Pro tip: the Python script takes ages.
The asserts all pass.

## Benchmark results from tskit-rust

These were obtained on an AMD 5950x with 128GB DDR4 3600MT memory.
I ran one at a time, with nothing else of note happening on the machine.

For each `N`, simulations ran for `10N` non-overlapping generations.
We are using the `tskit-rust` version of the `tskit-c` haploid Wright-Fisher example program.

### Run time -- absolute

![](benchmark_time.png)

### Peak memory use -- absolute

![](benchmark_mem.png)

### Run time -- relative to the bookmark method

![](benchmark_time_rel.png)

### Run time -- delta from the bookmark method

![](benchmark_time_delta.png)

### Peak memory use -- relative to the bookmark method

![](benchmark_mem_rel.png)

### Peak memory use -- delta from the bookmark method

![](benchmark_mem_delta.png)

## The Python prototype

The code below is a Python prototype that does everything except one step that is needed to correctly handle non-overlapping generations.
That step is described in words at the bottom of this notebook.

import tskit
import numpy as np
from IPython.display import SVG

class Segment(object):
    def __init__(self, left, right):
        assert left < right, f"{left} must be < {right}"
        self.left = left
        self.right = right
    
    def __repr__(self):
        return f"Segment({self.left}, {self.right})"
        
class EdgeBuffer(object):
    def __init__(self):
        # Our linked lists managers
        self.head = [] # i-th value records the start of data for parent i.
        self.tail = []
        self.next = []
        # Our data
        self.left = []
        self.right = []
        self.child = []
        # helpers
        self.collected_children = dict()
        self.children = []
        
    def _clear(self):
        """
        Free up memory
        """
        self.head = []
        self.tail = []
        self.next = []
        self.left = []
        self.right = []
        self.child = []
        self.collected_children = dict()
        self.children = []
        
    def _buffer_edge(self, left, right, parent, child):
        if parent >= len(self.head):
            self.head.extend([-1]*(parent-len(self.head)+1))
            self.tail.extend([-1]*(parent-len(self.tail)+1))
            assert parent + 1 == len(self.head), f"{parent}, {len(self.head)}"
            assert parent + 1 == len(self.tail), f"{parent}, {len(self.tail)}"
            
        assert parent < len(self.head), f"{parent} {len(self.head)}"
        assert parent < len(self.tail), f"{parent} {len(self.tail)}"

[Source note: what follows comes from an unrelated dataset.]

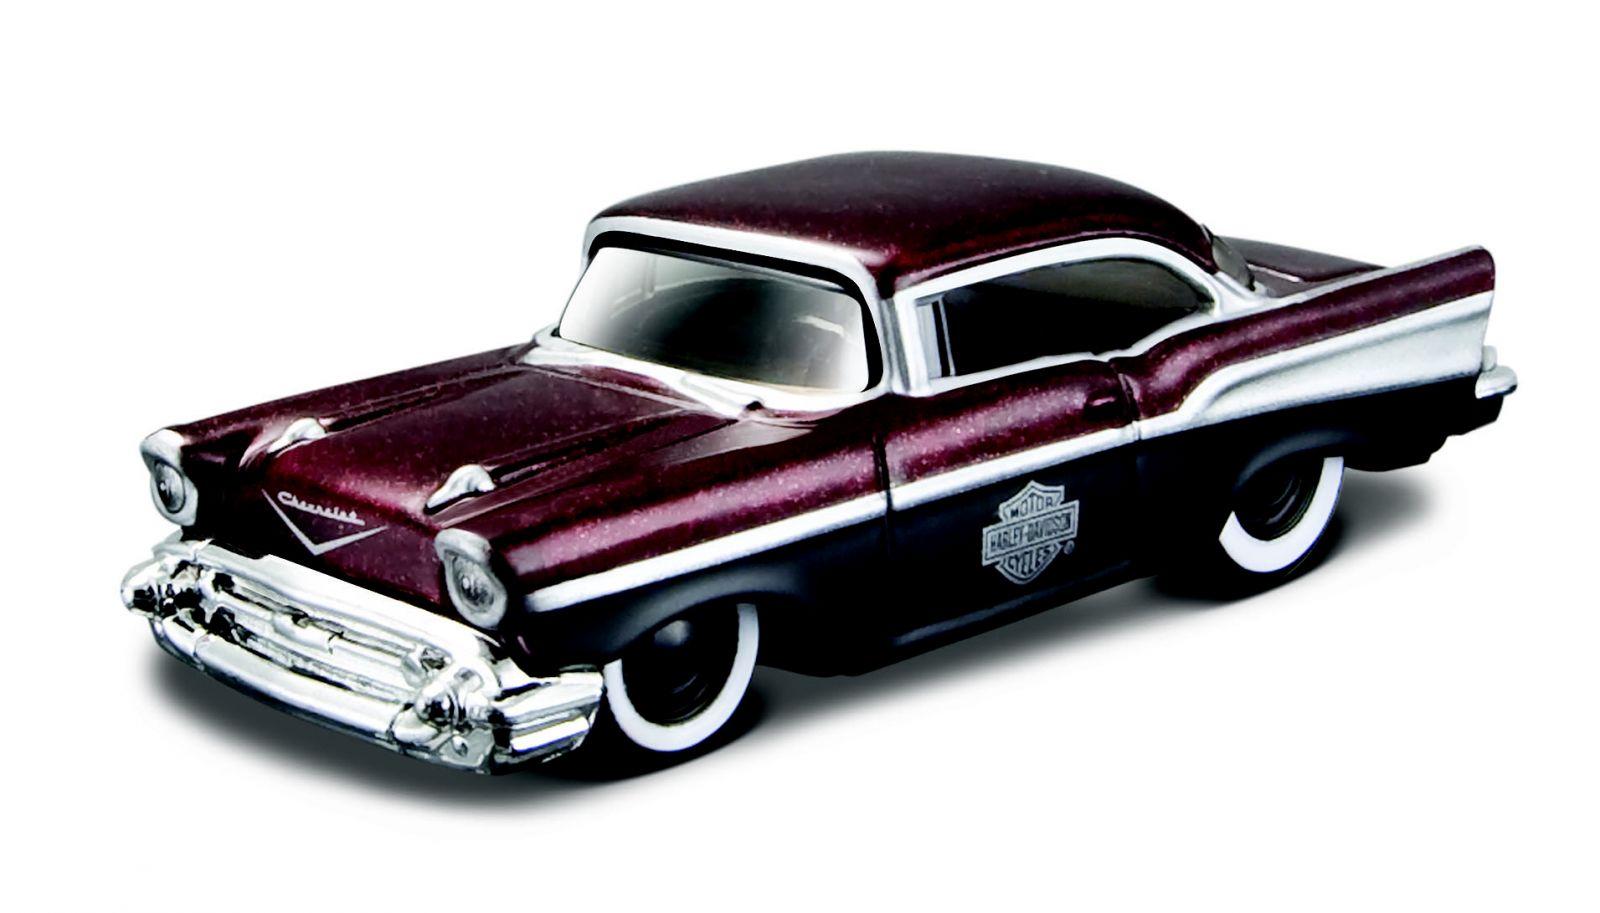 Maisto 1:64 11380 HD - Chevrolet Bel Air 1957 - vínová barva

        if self.head[parent] == -1:
            self._insert_new_parent(left, right, parent, child)
        else:
            self._extend_parent(left, right, parent, child)
            
    def _update_data(self, left, right, child):
        self.left.append(left)
        self.right.append(right)
        self.child.append(child)
        
    def _insert_new_parent(self, left, right, parent, child):
        self._update_data(left, right, child)
        self.head[parent] = len(self.left) - 1
        self.tail[parent] = self.head[parent]
        self.next.append(-1)
    
    def _extend_parent(self, left, right, parent, child):
        self._update_data(left, right, child)
        temp = self.tail[parent]
        self.tail[parent] = len(self.left) - 1
        self.next[temp] = len(self.left) - 1
        self.next.append(-1)
        
    # Can skip right to _buffer_edge w/modular simplification API
    def record_edge(self, left, right, parent, child):
        self.collected_children[parent][child].append(Segment(left, right))
    
    # Not necessary w/modular simplification API
    def init_recording_offspring(self, parents, children):
        self.children = sorted([i for i in set([j for j in children])])
        self.collected_children = dict()
        for p in parents:
            self.collected_children[p] = {c: [] for c in self.children}
    
    # Not necessary w/modular simplification API
    def finalize_recording_offspring(self):
        for p, edges in self.collected_children.items():
            for c in self.children:
                for e in edges[c]:
                    assert e.left < e.right
                    self._buffer_edge(e.left, e.right, p, c)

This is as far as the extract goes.